My problem with social conservatives
Relentless moaning and whingeing limits their attractiveness
For me, perhaps the only positive change in our political firmament over the past decade or so has been the emergence and consolidation of a tendency variously called “post-liberal”, “communitarian” and ‘social (or small “c”) conservative’.
In Britain it originally gathered around a couple of loose groupings, Philip Blond’s ‘Red Tory’ and Maurice Glasman’s ‘Blue Labour’, in the early 2010s. There was genuine intellectual energy to it, gathering around neglected ideas of community, solidarity, family, the nation (generally the United Kingdom, but also England), while rejecting the excesses of progressivism and especially progressive identity politics.

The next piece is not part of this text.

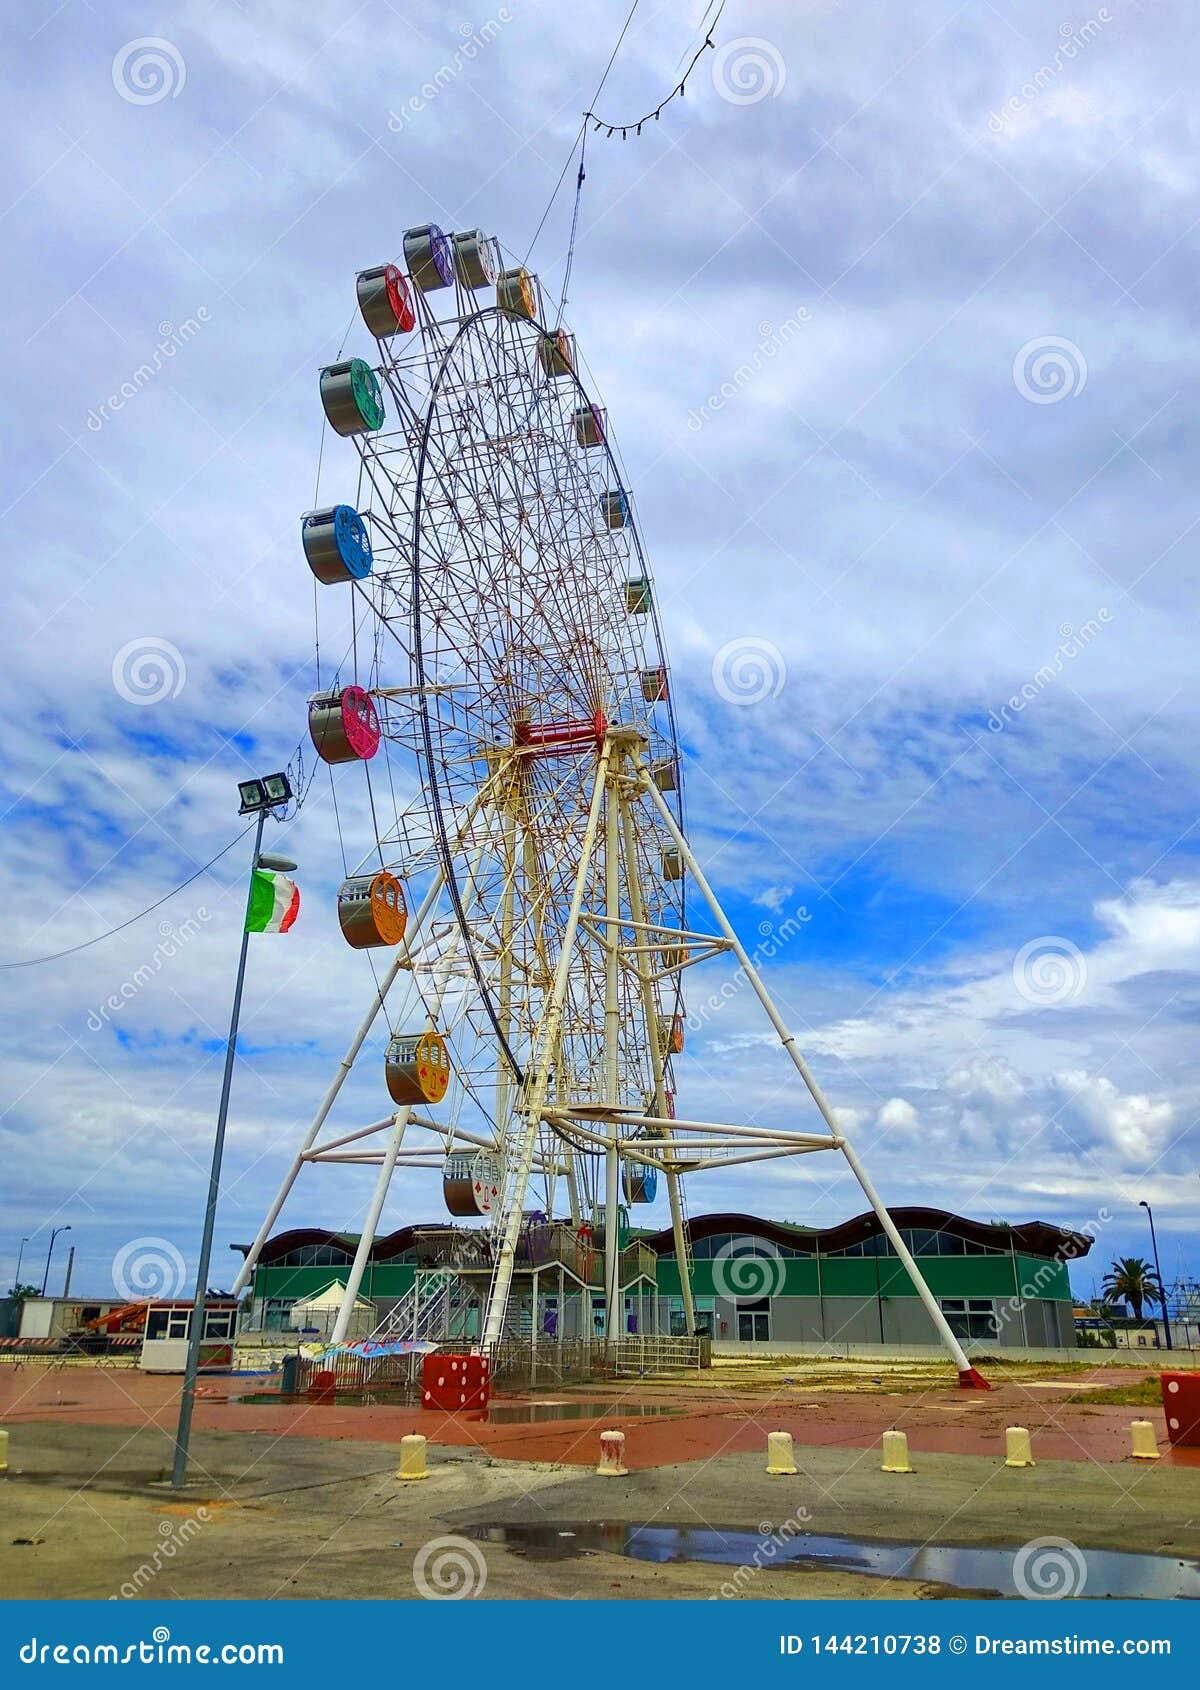 The colorful ferris wheel as a landmark in Pescara, Abruzzo, Italy
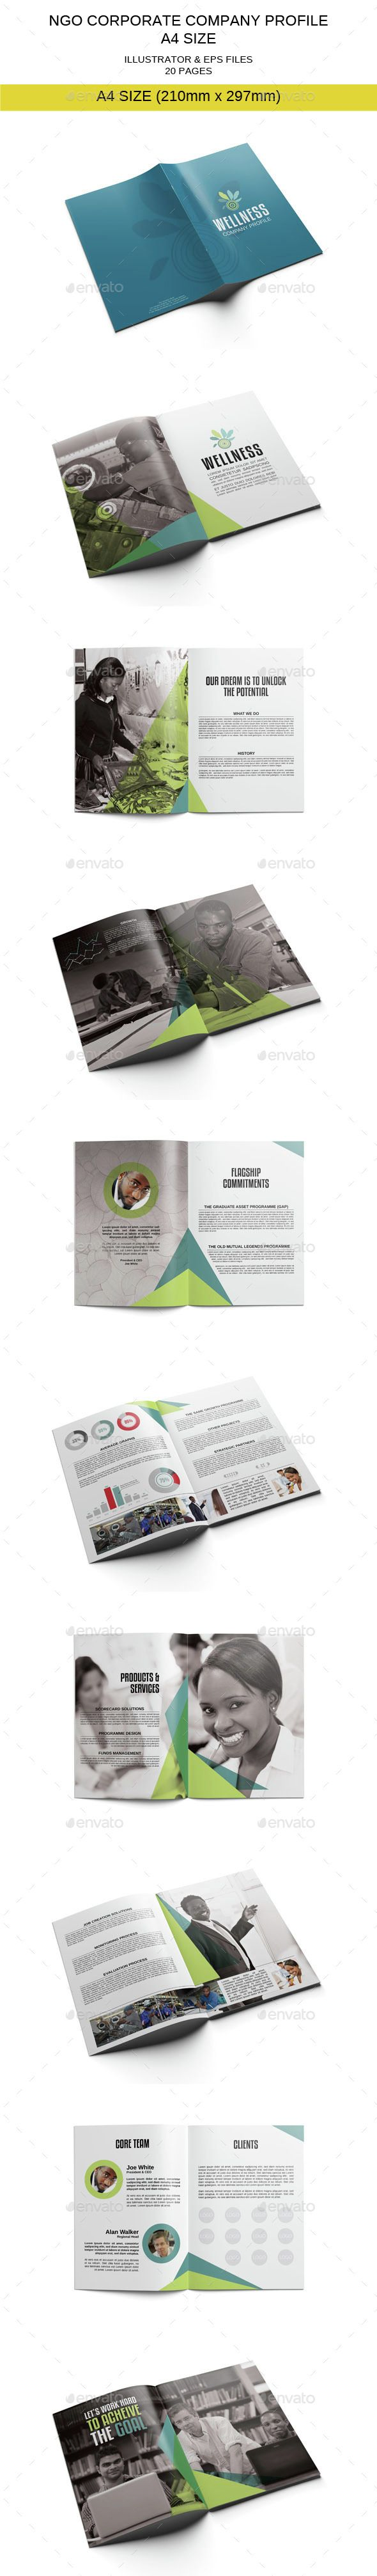 Ngo Corporate Company Profile Template Company Profile Template Company Profile Brochure Design Samples

Some of its champions like Blond, Glasman and David Goodhart, even myself here and there, have received a hearing at the top level of politics. However the weakness of this tendency, this ‘moment’, has always been political, in its lack of enduring presence in the halls of power. It’s always been an outsider’s movement, something for intellectual types, relatively new and interesting to chat about but then dismiss or forget when the time comes for weighing up political interests.
As I said at the top however, this tendency has consolidated itself over time. It now has a few institutions which press its instincts like the website Unherd and the new incarnation of the Social Democratic Party. It has a small following in the Conservative Party, based around new ‘Red Wall’ representatives like Tees Valley Mayor Ben Houchen.
In the mid-2010s I was dreaming that it might develop a language, a set of articulations and arguments with which it could progress in political life. This has now come to pass.
However, I have started to find it increasingly unattractive. Why?
I think some of the reasons are personal, related to my own contrarianism and role as a writer. The current stage of consolidation involves a hell of a lot of repetition of things that are now old hat for me, not least on the idiocies and dangers of progressive identity politics. The ideas are so familiar now that I often struggle to read them from others. This can make me a bad colleague.